__Required work__
Among the entries below, retype exactly the lines starting with the one with "HP 304 Noir" and going on through the one with "Blurred bar of", but not the pictures.

__Supplied records__
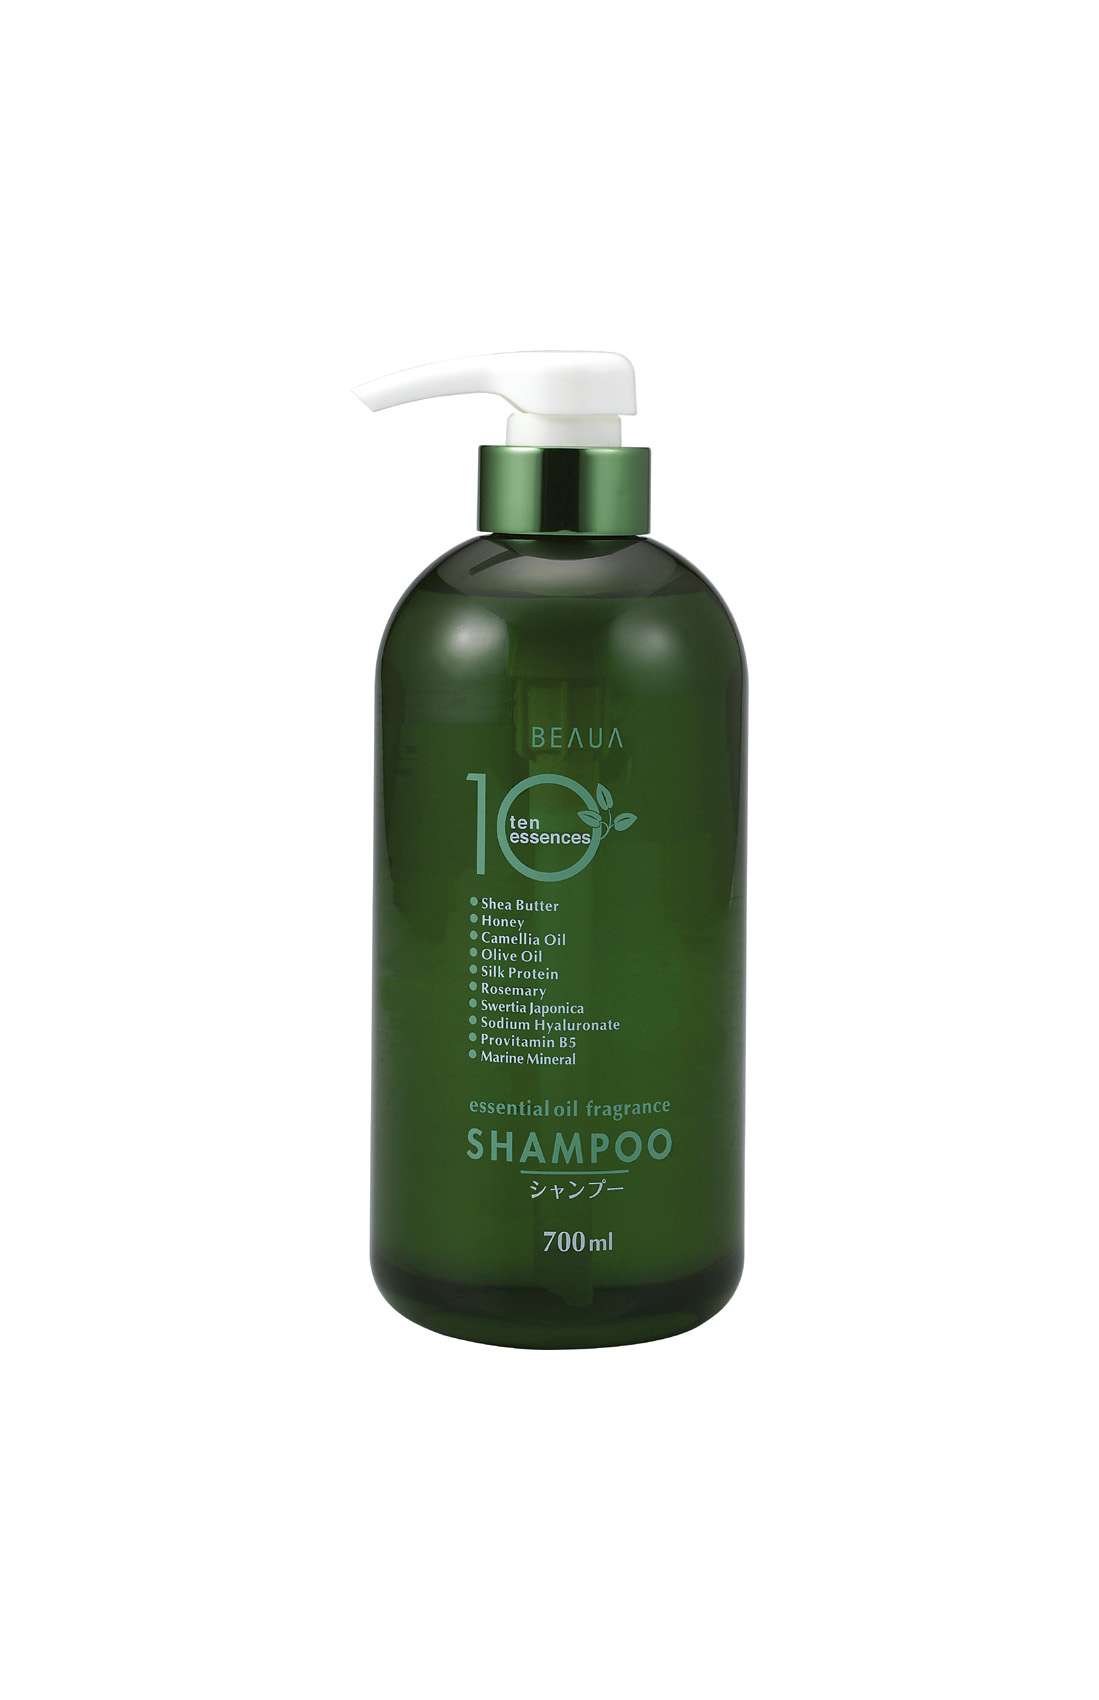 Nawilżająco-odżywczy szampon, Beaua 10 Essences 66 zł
* * *
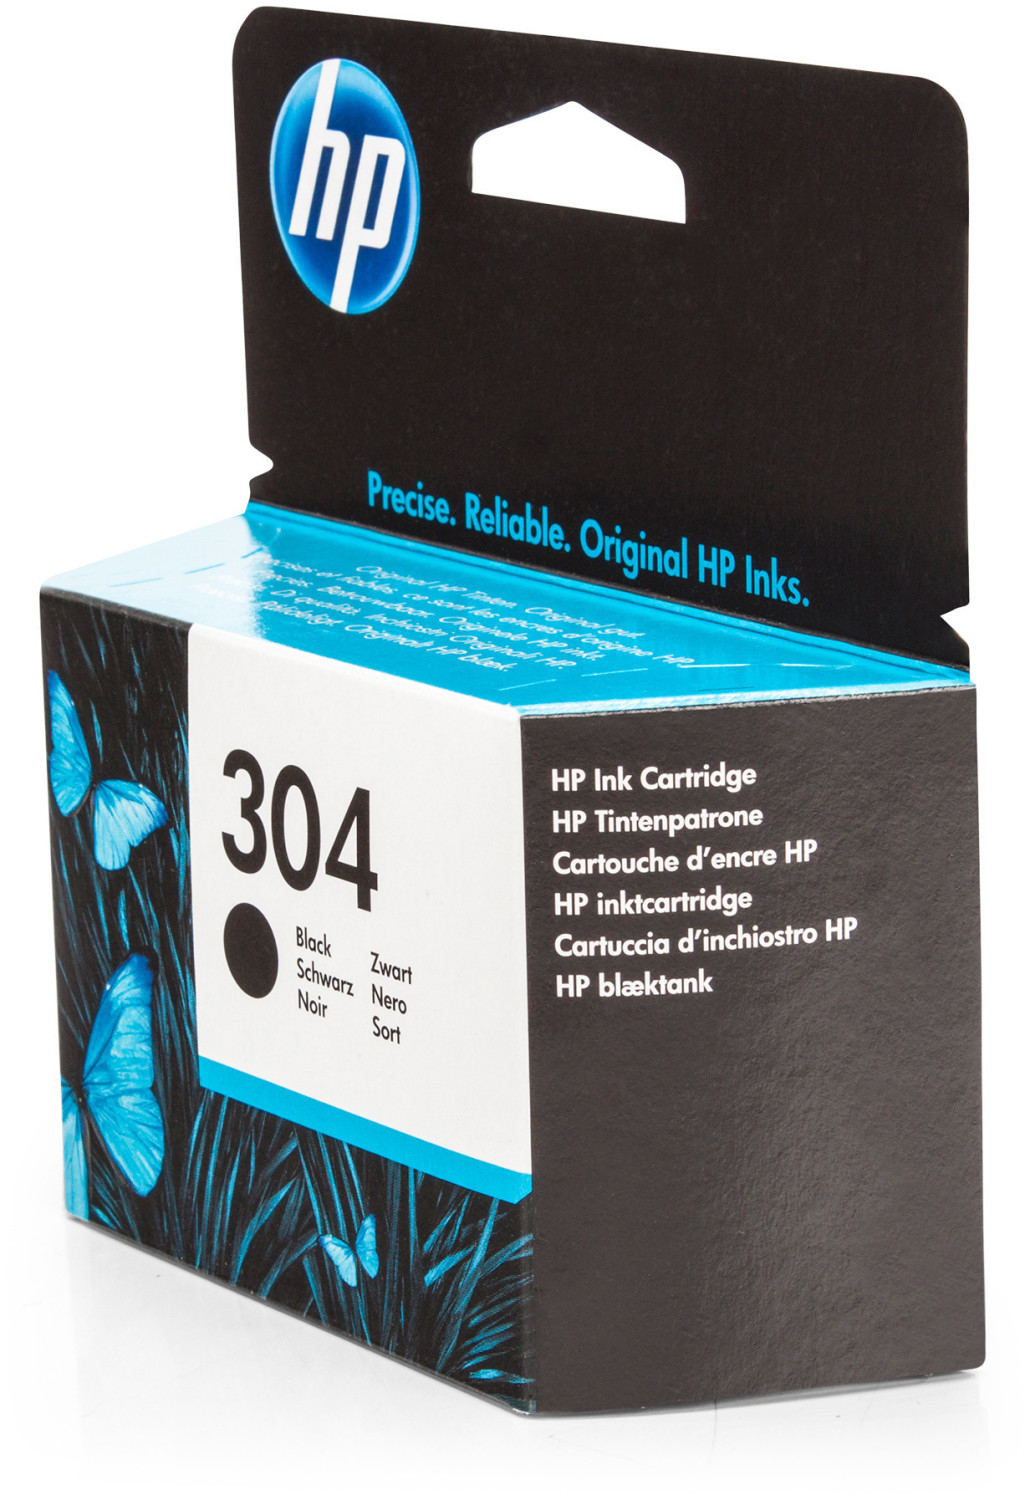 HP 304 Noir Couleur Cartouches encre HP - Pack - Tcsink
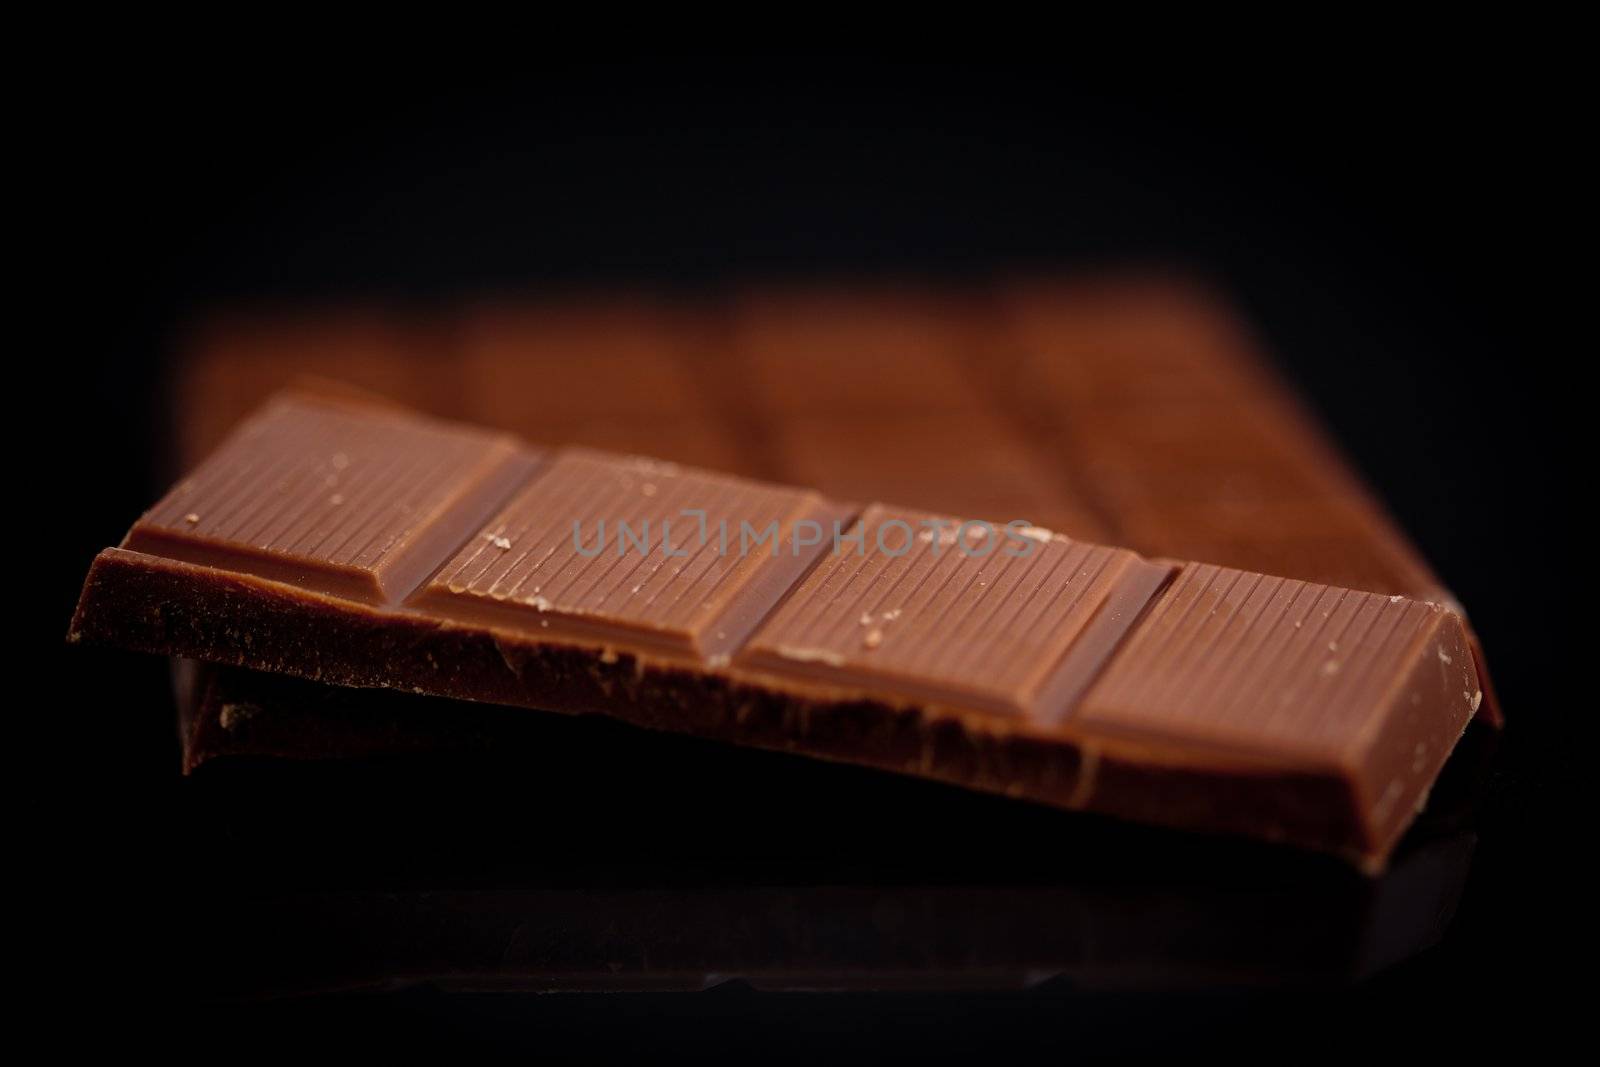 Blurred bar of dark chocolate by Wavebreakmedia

__Finished exercise__
 HP 304 Noir Couleur Cartouches encre HP - Pack - Tcsink
 Blurred bar of dark chocolate by Wavebreakmedia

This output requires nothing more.